Specific viral genes tend to benefit from phage tRNA genes
To evaluate the contribution of viral tRNAs to the translation efficiency of phage genes, we defined a new term, the tRCI (see Materials and methods). As previously mentioned, the tRCI is calculated relative to the host and is unique for each phage gene, yielding different tRCI values for each gene in cases in which the phage is capable of infecting more than one host (Figure 5). Subsequently, as conducted for the CU differences, we sorted all genes in the phage genome according to their tRCI values and divided them into 10 subgroups (bins) with equal numbers of genes in each subgroup. Further, we calculated the gene enrichment in the top-ranked subgroups (including genes with the highest tRCI values). Among the gene families that were consistently enriched in the top-ranked subgroups in all phage–host interacting pairs, we found genes belonging to the high-light-induced (hli) gene family and the cpeT gene family (Figure 6).

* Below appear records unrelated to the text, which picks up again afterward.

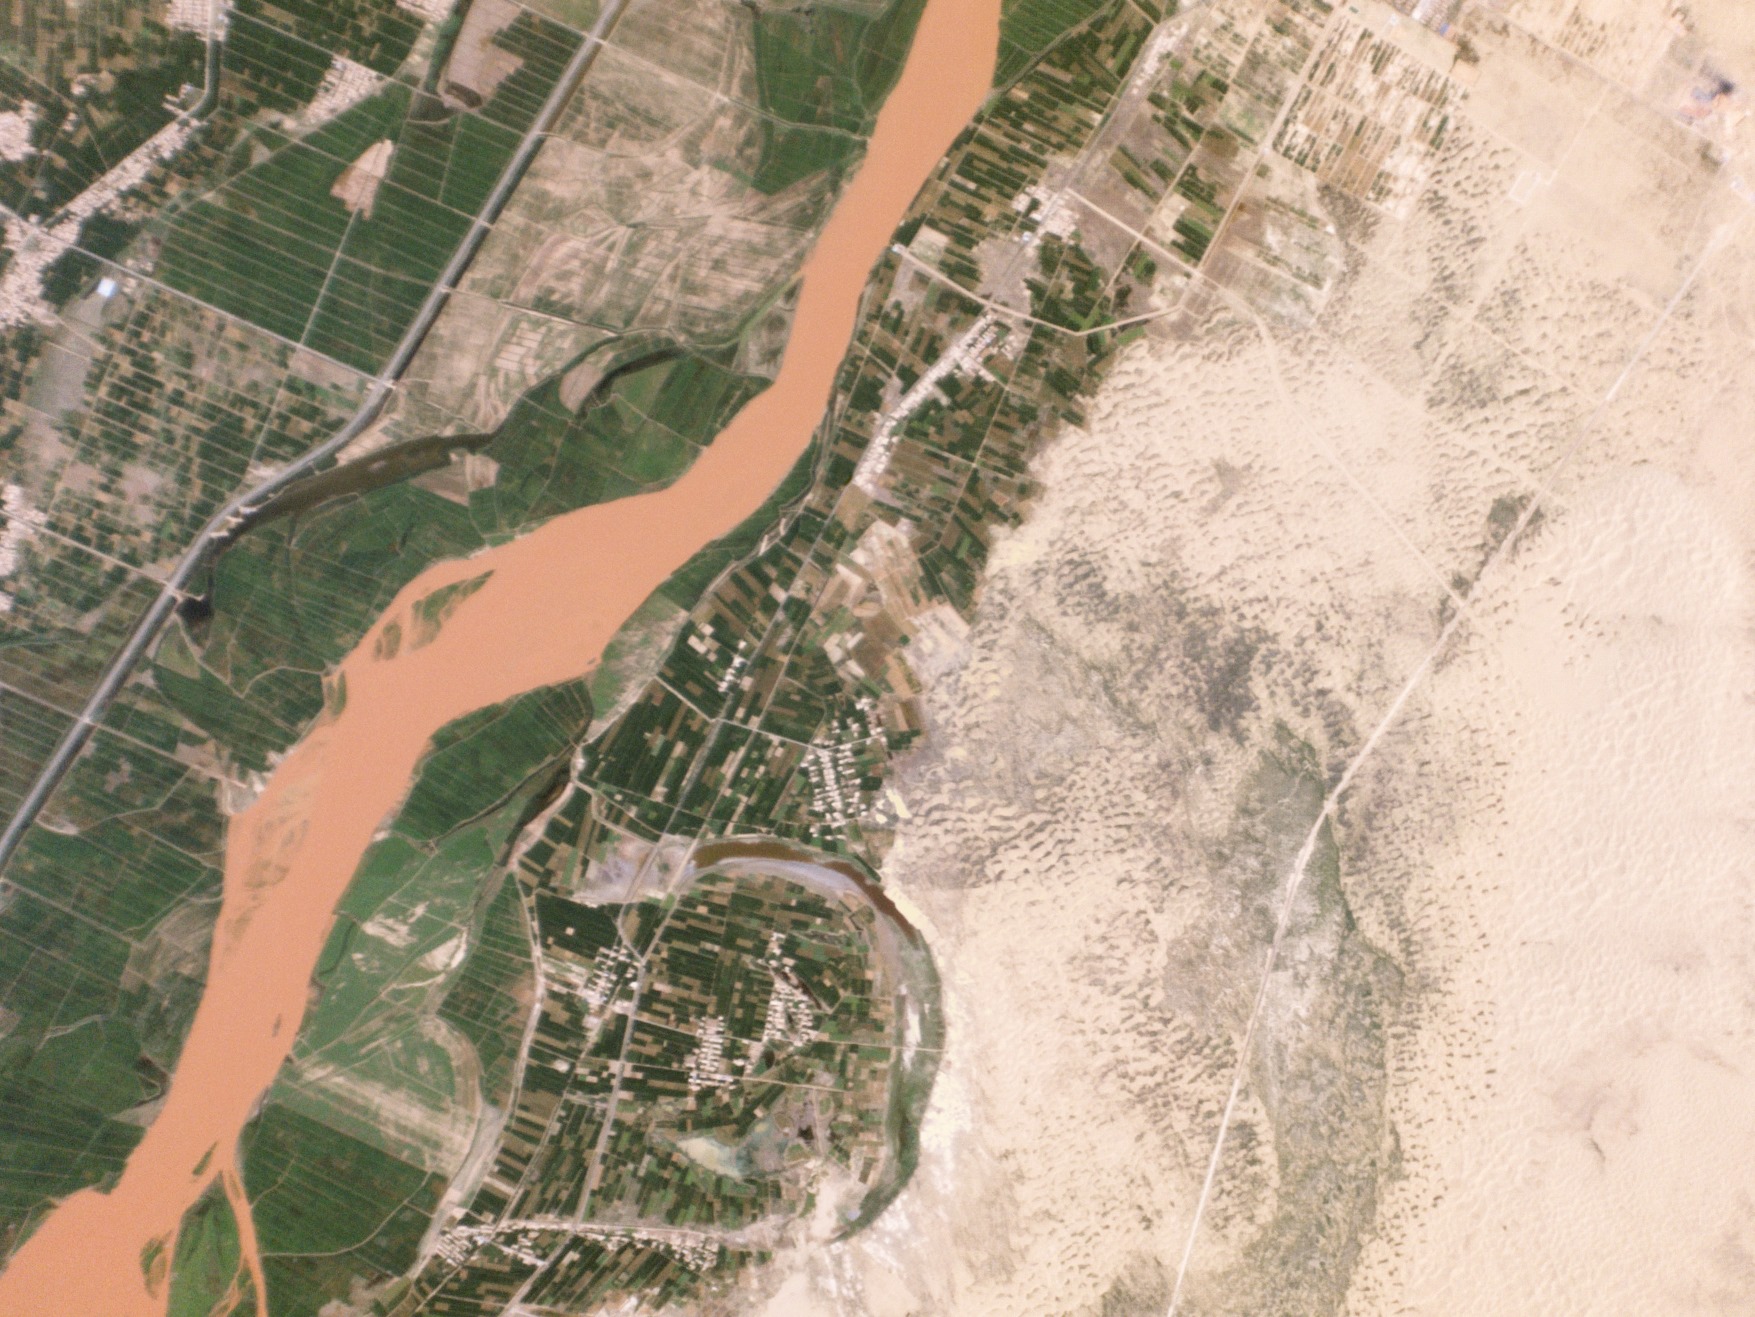 Рис. 5. Сельскохозяйственные земли, примыкающие к Желтой реки, недалеко от Тоужа в округе Пиньлюо, Китай, где осуществляется проект по контролю опустынивания для сохранения сельскохозяйственных угодий.
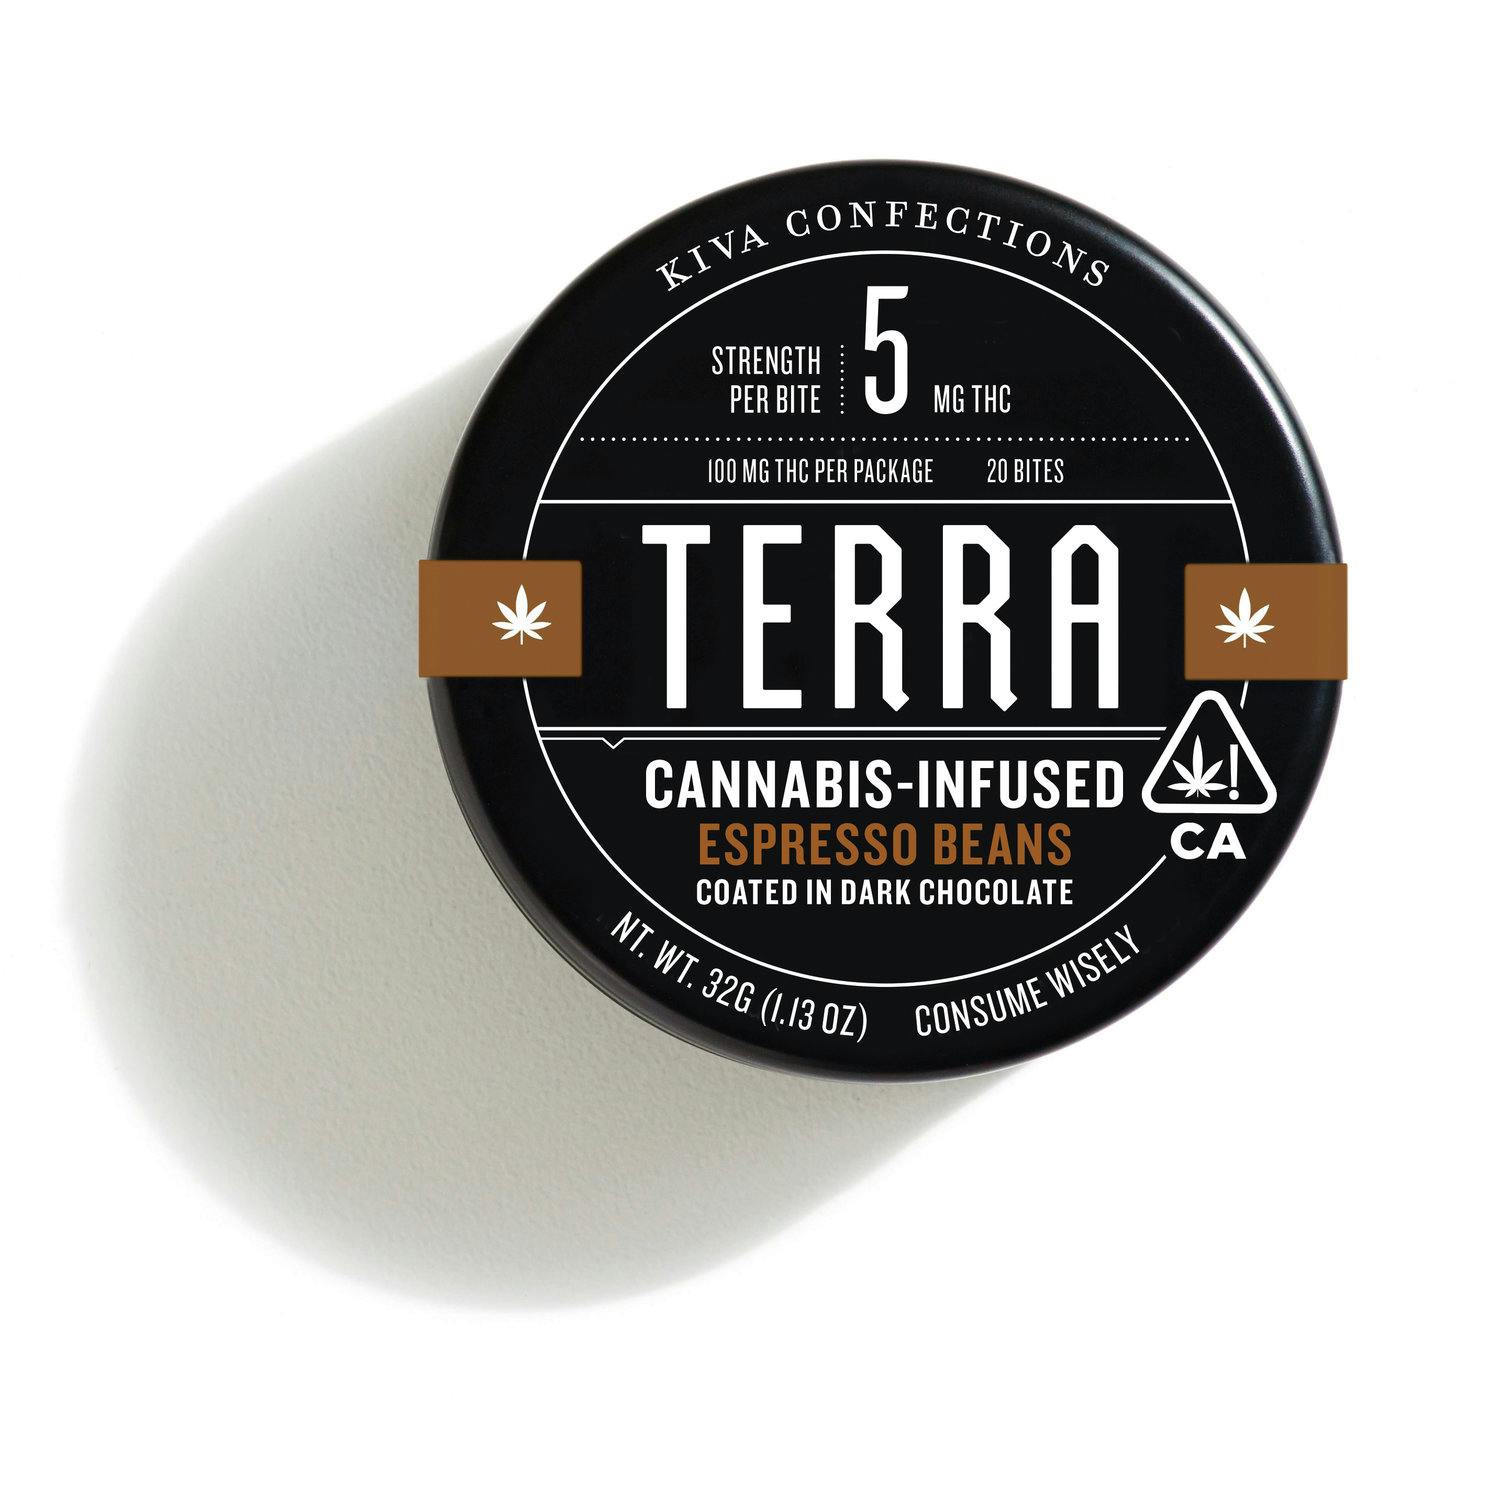 KIVA Cannabis-Infused Terra Bites
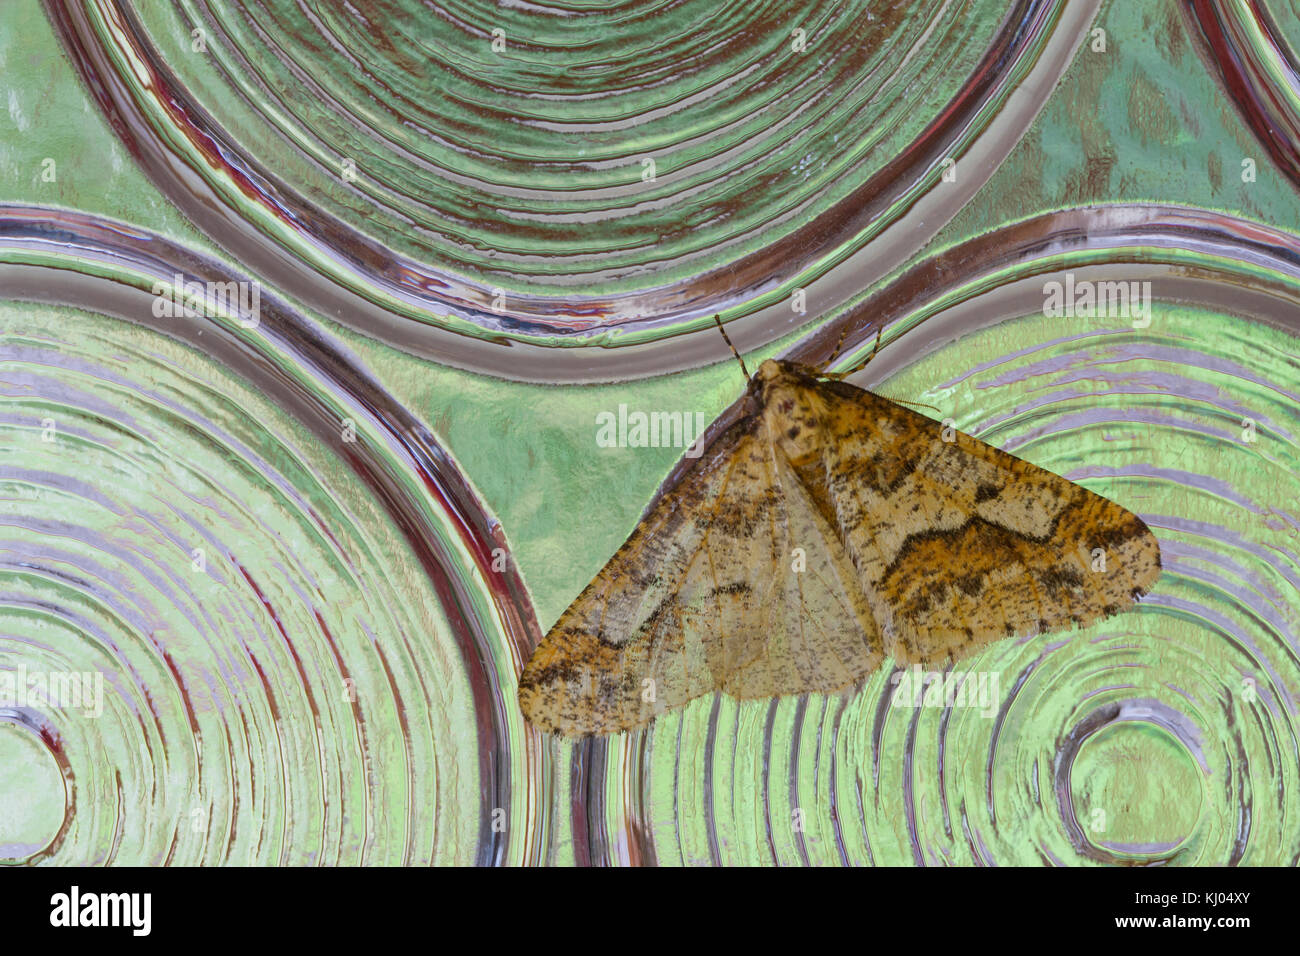 Uméro tacheté amphibien (Erannis defoliaria) mâle adulte, reposant sur les vitres. Powys, Pays de Galles. Octobre. Banque D'Images

hli genes are widely distributed among cyanophages (Lindell et al., 2005; Mann, 2005) and are apparently responsible for proper replication of the phage in high-light stressed cells whereas protecting the photosynthetic mechanims from light damage by dissipating excess light energy (Havaux et al., 2003; Lindell et al., 2005). In our analysis, hli genes were detected in different ranked groups, however, they were significantly more abundant at the top of the lists where tRCI values are higher (Figure 6 and Supplementary Table S3). Viral hli genes were previously shown to be unregulated immediately upon phage infection (Lindell et al., 2007). Although these were tested only in a system using a podophage, which does not contain any tRNA genes, and in a Prochlorococcus host, on the basis of our results we postulate that hli genes may also be expressed immediately after a myophage infects a Synechococcus host.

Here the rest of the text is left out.